本コラムでは、こうした最新のデータと実例をもとに、男性の育児休業取得率が中小企業の経営に与える具体的な影響を、経営者の皆様の目線で整理していきます。制度導入の具体的なメリット・デメリット、現実的な対策、そして投資対効果まで、実践的な内容をお届けします。
1.採用力への劇的な影響:若い人材が企業を選ぶ新基準
<数字で見る若者の価値観変化>
まず、現在の就職活動生がどのような価値観を持っているのか、具体的な数字で確認してみましょう。
厚生労働省が全国の学生2,026人を対象に行った調査では、驚くべき結果が明らかになりました。育児休業制度の認知度は92.4%に達し、87.7%の学生が「自分も育休を取得したい」と回答しています。さらに注目すべきは、88.6%が「配偶者にも育休を取得してもらいたい」と答えていることです。
つまり、現在の就職活動生の約9割は、「夫婦で協力して育児に取り組みたい」と考えているのです。これは従来の「男性は仕事、女性は家庭」という価値観とは根本的に異なります。
また、新卒で入社する会社を選ぶ際に「仕事とプライベートの両立を意識している」と答えた学生は77.9%に上り、理想の働き方として「仕事もプライベートも両立する」を挙げた学生は91.2%に達しています。
<実際の採用現場で起きていること>
これらの価値観変化は、実際の採用現場にも大きな変化をもたらしています。
ある中小IT企業の人事担当者は、「最近の会社説明会では必ずと言っていいほど『男性も育休を取れますか?』『実際に取得している人はいますか?』という質問が出ます。以前は給与や休日日数に関する質問が中心でしたが、明らかに関心のポイントが変わっています」と語ります。
実際に男性の育休取得率の高さを前面に打ち出している企業では、説明会での応募者の反応が明らかに変わったという報告が相次いでいます。株式会社アドバンテッジリスクマネジメントでは、「説明会・面談等で男性の育休取得率等の高さに驚かれる応募者も多く、企業イメージの向上や応募者数・内定承諾者数の増加につながっている」と具体的な効果を実感しています。
<中小企業にとってのチャンス>
興味深いことに、大企業でも「制度はあるが取りにくい雰囲気」という課題を抱えているケースが多いのが現実です。ある調査では、育休を取得しなかった理由として「制度がない」と回答した割合が、中小企業28.3%に対して大企業17.3%となっており、制度の有無では大企業が優位です。
しかし、「言い出しにくかった」「持っている仕事を他人に任せられなかった」といった理由は大企業の方に多く見られ、制度があっても実際の運用面で課題を抱えていることがわかります。

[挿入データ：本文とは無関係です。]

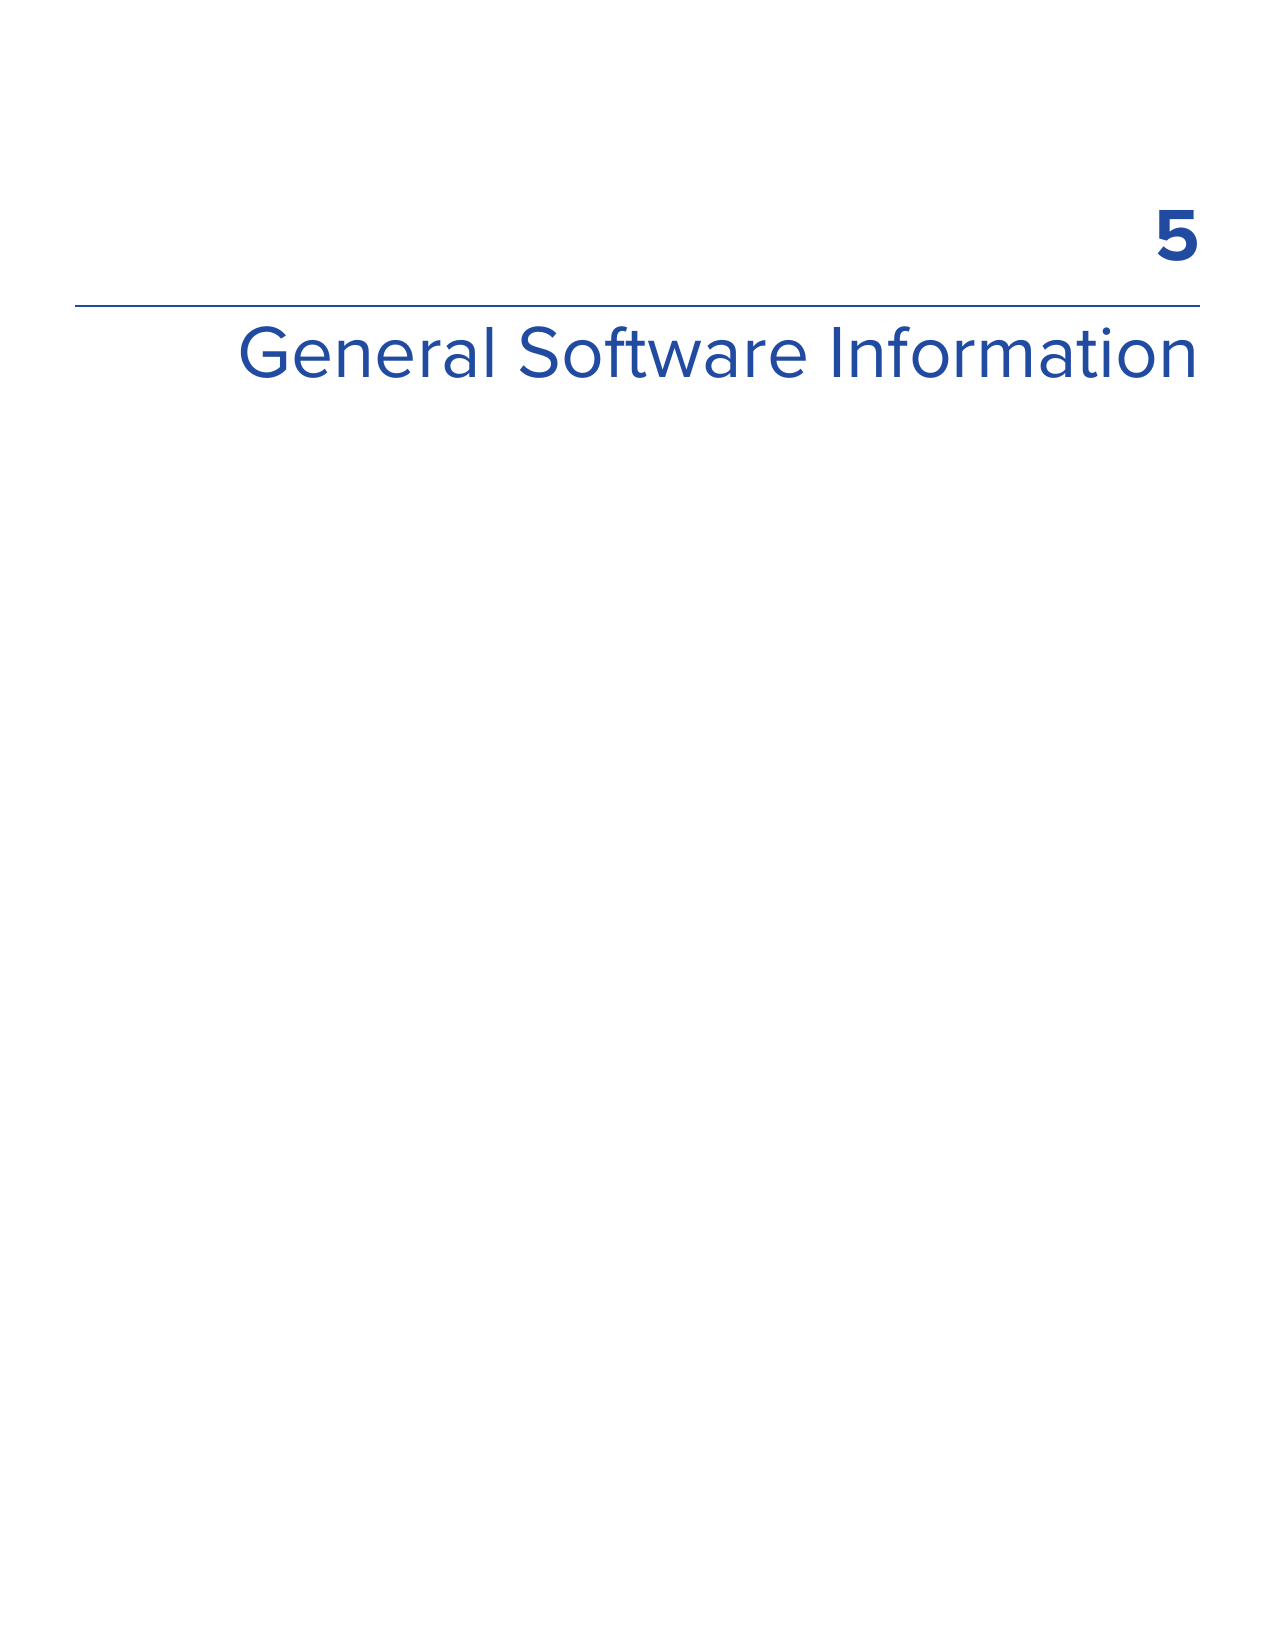 General Software Information5

ここに中小企業のチャンスがあります。規模が小さいからこそ可能な「顔の見える制度運用」「経営者の直接的なサポート」「柔軟な対応」といった強みを活かせば、大企業以上に「本当に取得しやすい環境」を作ることができるのです。
<採用コストへの影響>
育休制度の整備は、採用コストの削減にも大きく貢献します。
応募者が増加すれば、選考の選択肢が広がり、より適性の高い人材を採用できる可能性が高まります。また、企業の方針に共感して応募してくる学生は、入社後のミスマッチも少なく、早期離職のリスクも低下します。

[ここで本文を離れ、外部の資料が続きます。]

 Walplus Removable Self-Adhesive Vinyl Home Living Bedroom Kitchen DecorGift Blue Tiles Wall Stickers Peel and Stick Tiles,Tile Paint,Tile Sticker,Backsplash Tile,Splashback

さらに、制度が整備されることで従業員満足度が向上し、従業員からの紹介採用も増加する傾向があります。紹介採用は採用コストが低く、かつ定着率も高いため、中長期的な採用戦略として非常に有効です。
ある製造業の中小企業では、育休制度を整備して2年後、従業員紹介による採用が前年比で3倍に増加したという事例も報告されています。「働きやすい会社だから、友人にも紹介したい」という好循環が生まれているのです。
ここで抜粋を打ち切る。